Land Rover Defender Hard Top – avec vidéo (03.08.2020)

Après les version 110 et 90 du nouveau Defender « passagers », dont nous vous avons parlé en long et en large précédemment, Land Rover annonce le retour de leurs versions utilitaires désignées Hard Top, dénomination qui date de 1950, quand l’adoption de hard-tops démontables a donné aux premiers Land Rover davantage de sécurité et de protection contre les éléments. (Marc Lacroix)

Développé par Land Rover Special Vehicle Operations (SVO), comme son ancêtre, le nouveau Defender Hard Top se coiffe d’un toit fixe en métal.

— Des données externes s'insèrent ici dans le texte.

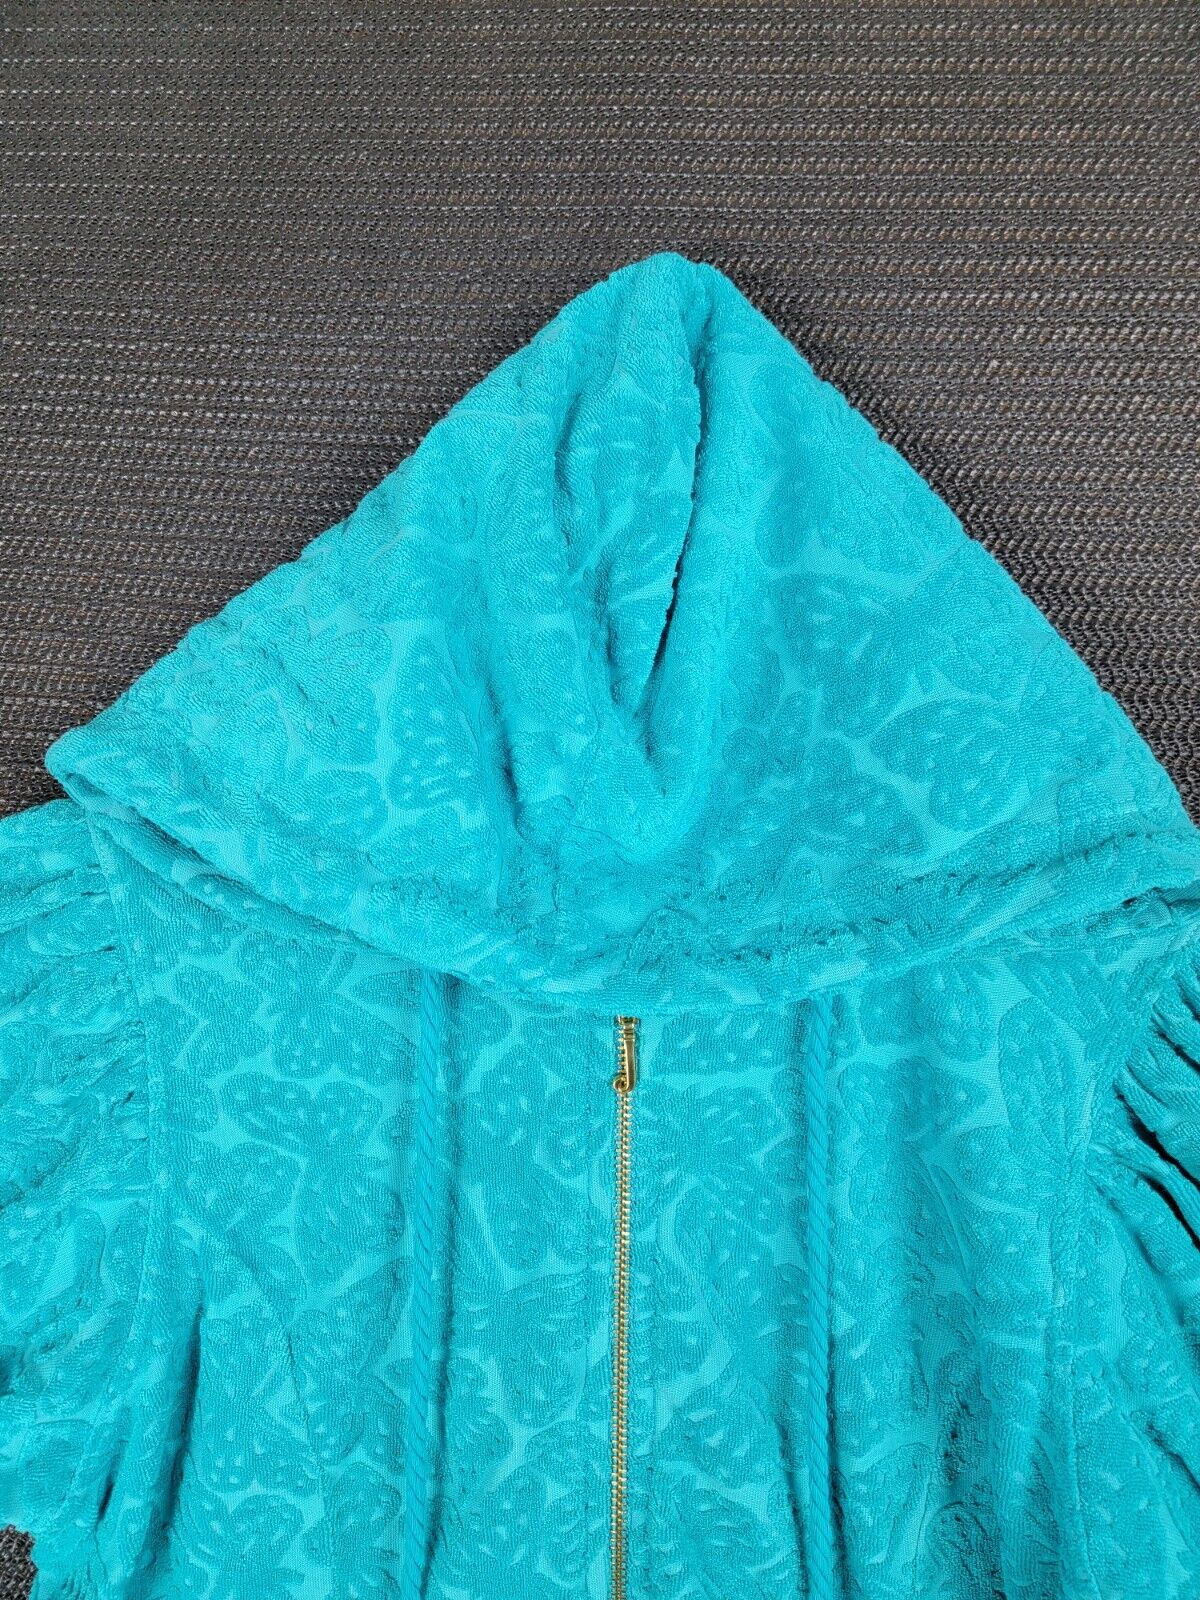 Juicy Couture zip up hoodie sweatshirt size XL Butterfly womens short-sleeve

Techniquement, les Defender Hard Top sont forcément basé sur les versions « passagers » et en conservent toutes les caractéristiques, off-road comprises (suspensions indépendantes à ressorts hélicoïdaux (avec régulation pneumatique électronique disponible sur le 110), angles d’attaque, de crête et de fuite du 110 Hard Top de respectivement de 38, 28 et 40 degrés (position haute), garde au sol de 291mm…). Puissance de remorquage jusqu’à 3,5 tonnes et, en option, technologie Advanced Tow Assist pour tracter et manœuvrer les remorques sans effort, sont aussi au programme… Aux capacités tout-terrain sans limites et la connectivité du XXIe siècle qui est désormais celle du Defender, le Hard Top offre aux professionnels une combinaison de capacité de charge et d’esprit pratique.

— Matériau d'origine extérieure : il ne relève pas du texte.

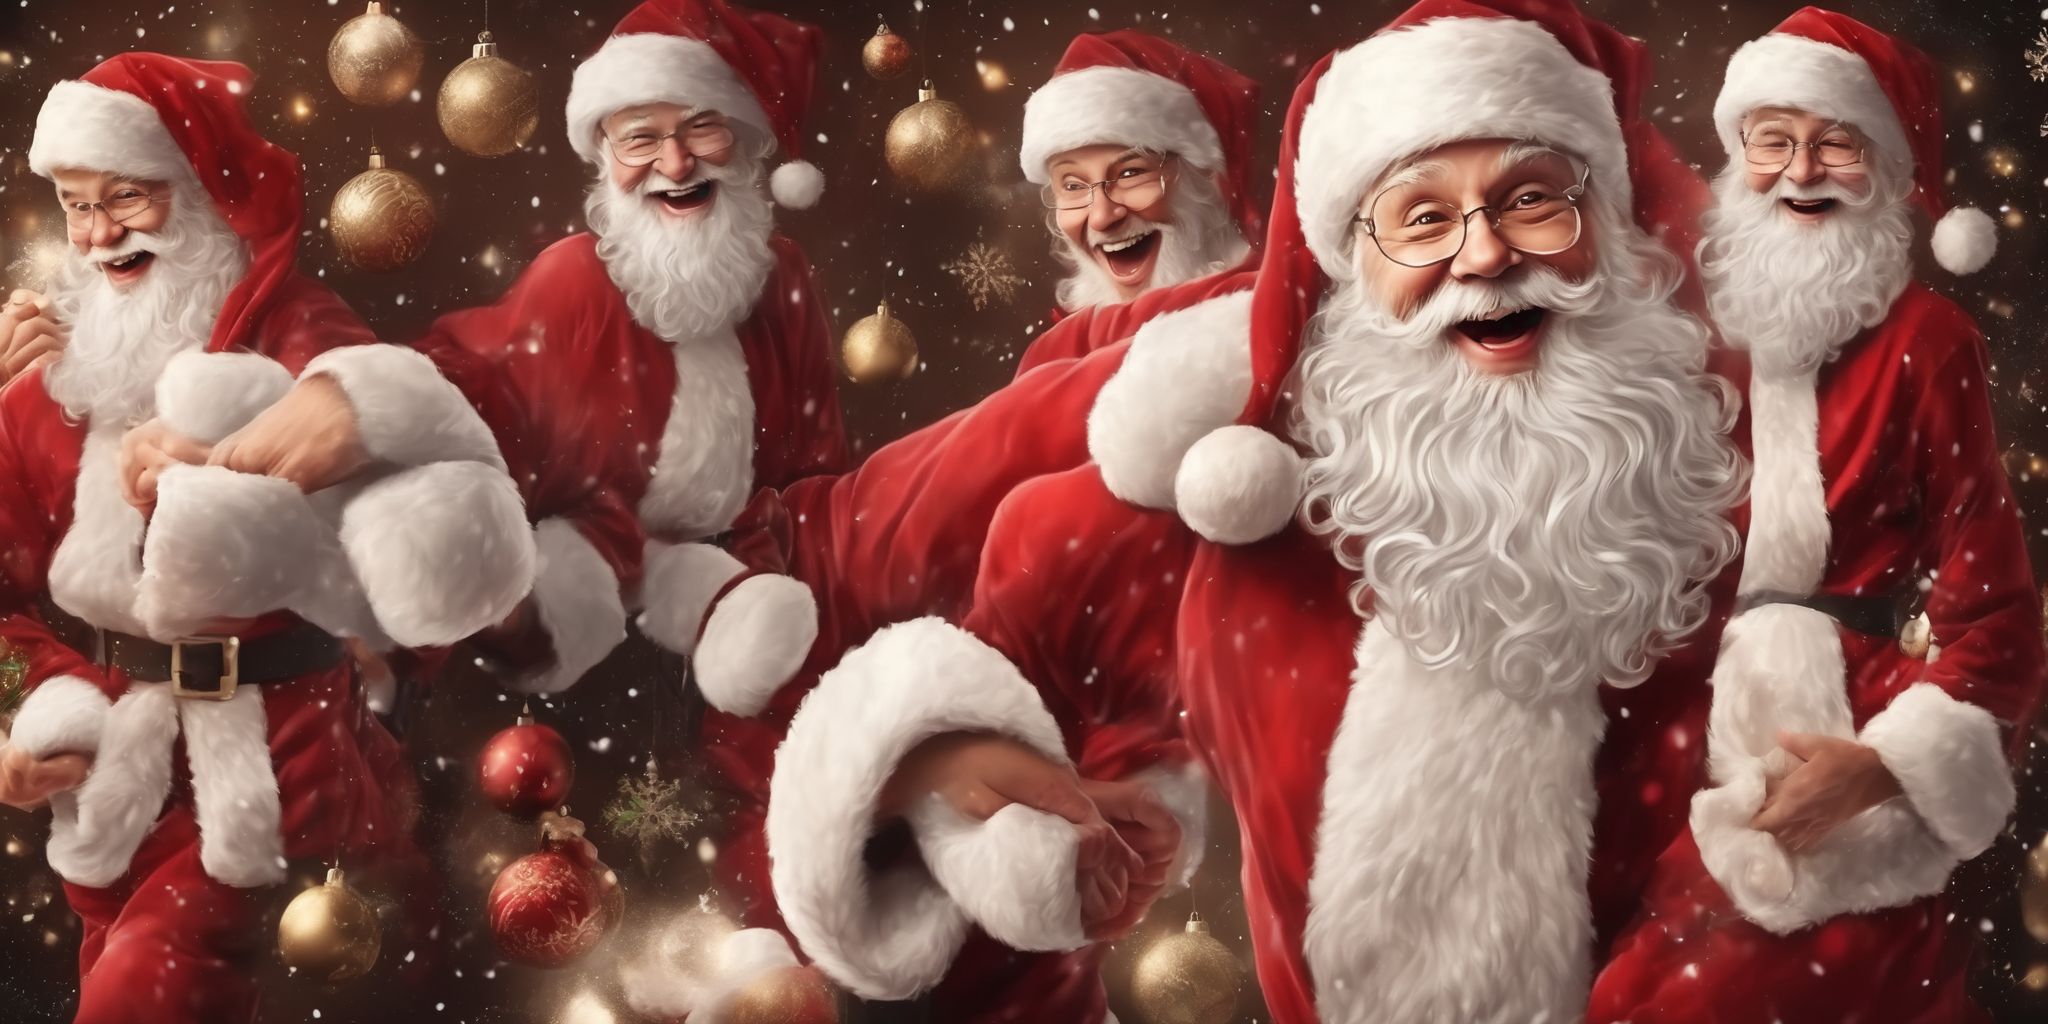 Joyful Santa in realistic Christmas style

Une seule rangée de sièges (strapontin central optionnel à la place de la console), rétroviseur intelligent ClearSight, ensemble de systèmes technologiques d’assistance à l’attelage, à la conduite et à la manœuvre avec remorque, Terrain Response 2, écran digital Pivi Pro.


Essai Land Rover Defender 110 D240 – avec vidéo (31.07.2020)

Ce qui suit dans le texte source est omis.